There have been times when we’ve all wished that we’d made a second backup, or kept our optical discs out of the sun — but we haven’t, and the data is lost. But what if you had a backup medium that was near indestructible, almost immune to extreme conditions, and made of stone?
Introducing, the Millenniata M-Disc; a 4.7GB DVD with a data layer made out of stone-like metals and metalloids. Whereas a conventional home-made optical disc has a very soft recording/data layer that isn’t very resistant to heat, humidity and light and has an average lifespan of around 5-10 years, the M-Disc has a much tougher data layer that can withstand the test of time.

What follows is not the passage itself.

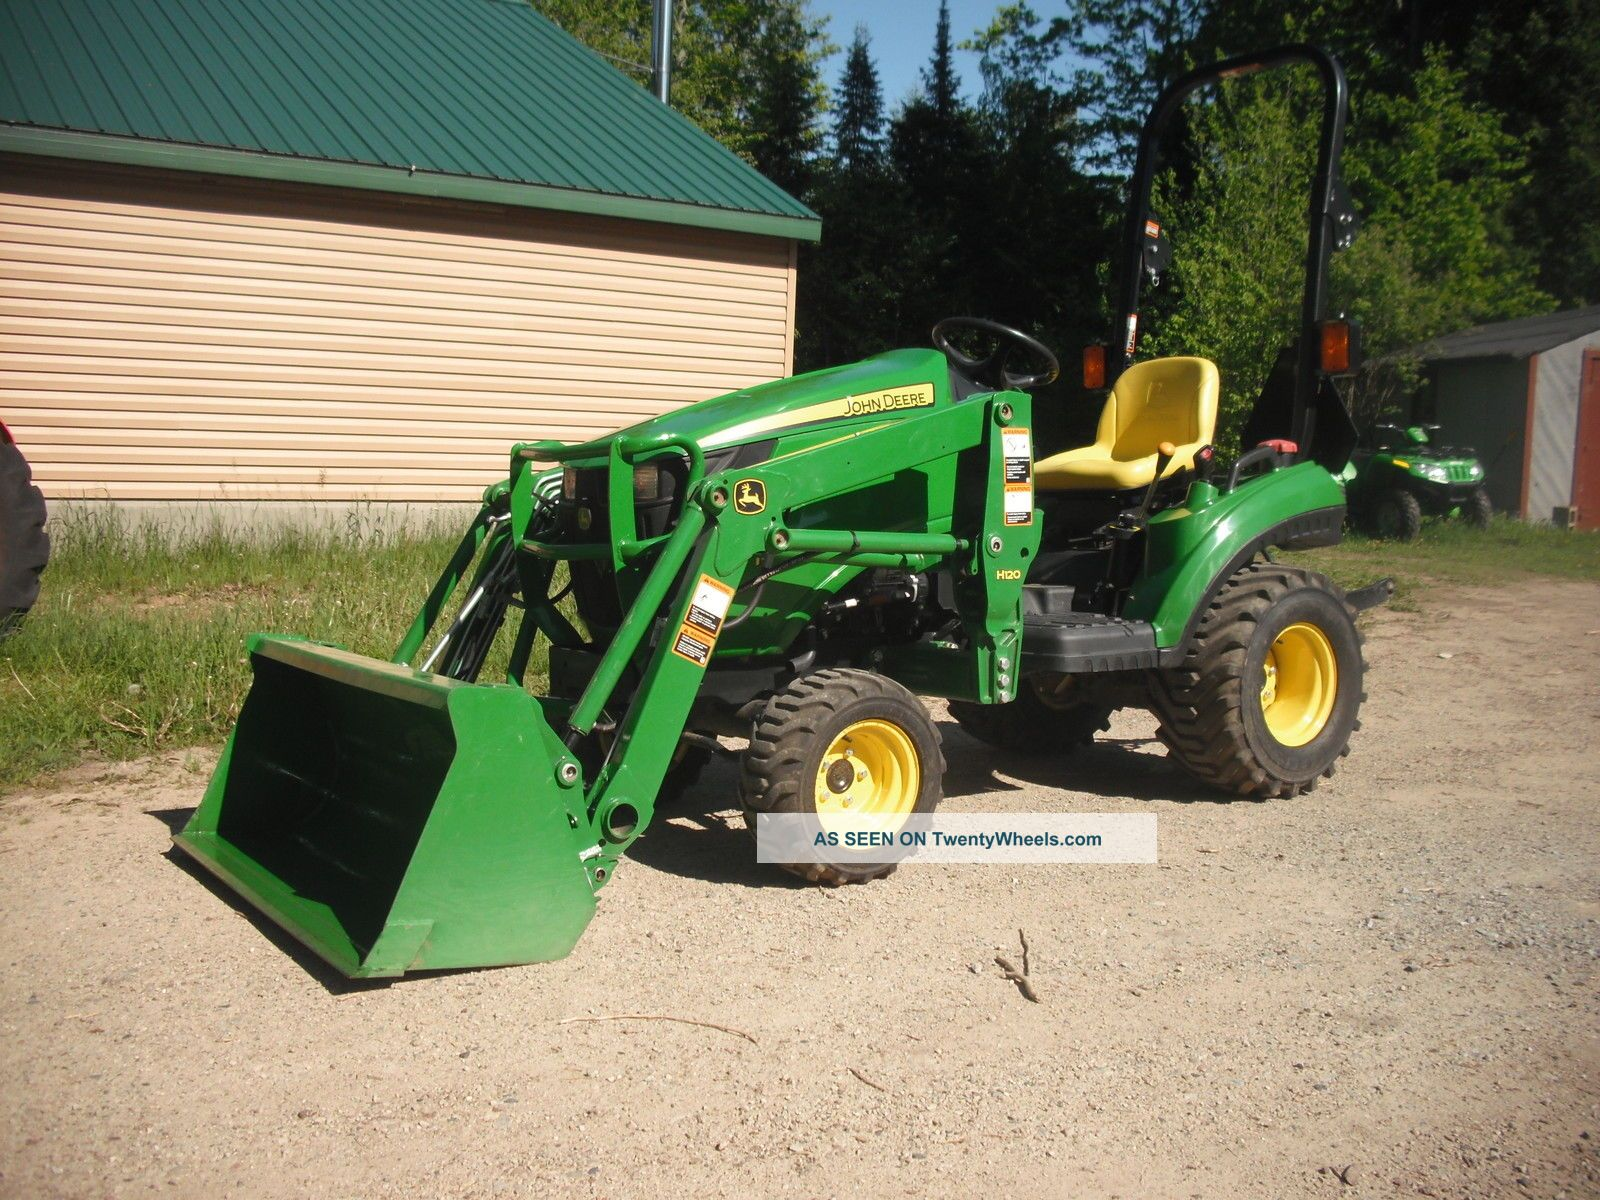 John Deere Compact Tractor Attachments : John deere e loader compact tractor

According to Millenniata and the US Department of Defense, the M-Disc is incredibly resilient. In a test, 25 different discs, including the M-Disc, were exposed to 85C (185F) temperatures, 85% humidity, and bright, full-spectrum light for 24 hours. Where every other recordable DVD failed the test with thousands of read errors and complete loss of data, the M-Disc passed with full data integrity and just a handful of errors.
Millenniata claims that the stone layer of its DVDs should retain data for over 10,000 years — however the polycarbonate coating is only good for 1,000 years. Either way, both figures exceed the 5-10 year average lifespan of hard drives, recordable DVDs, and flash drives.
On the down side M-Discs can’t be burnt with your current DVD burner —the melting stone requires a laser that’s five times stronger than normal! However, M-Discs are backwards compatible and can be read by normal DVD drives. Nonetheless, at around $7 per disk, the M-Disc is incredibly expensive for just 4.7GB of storage.
Furthermore, if you were to use M-Discs as your primary backup medium, you would need vast amounts of space to store the discs. To back up just 10 terabytes, you would need 2,130 M-Discs, which would occupy about the same space as 10 hard drives.
M-Disc; stone age technology for the future? With such rapid development in technology, will we even have access to an antique DVD player in a 1,000 years’ time?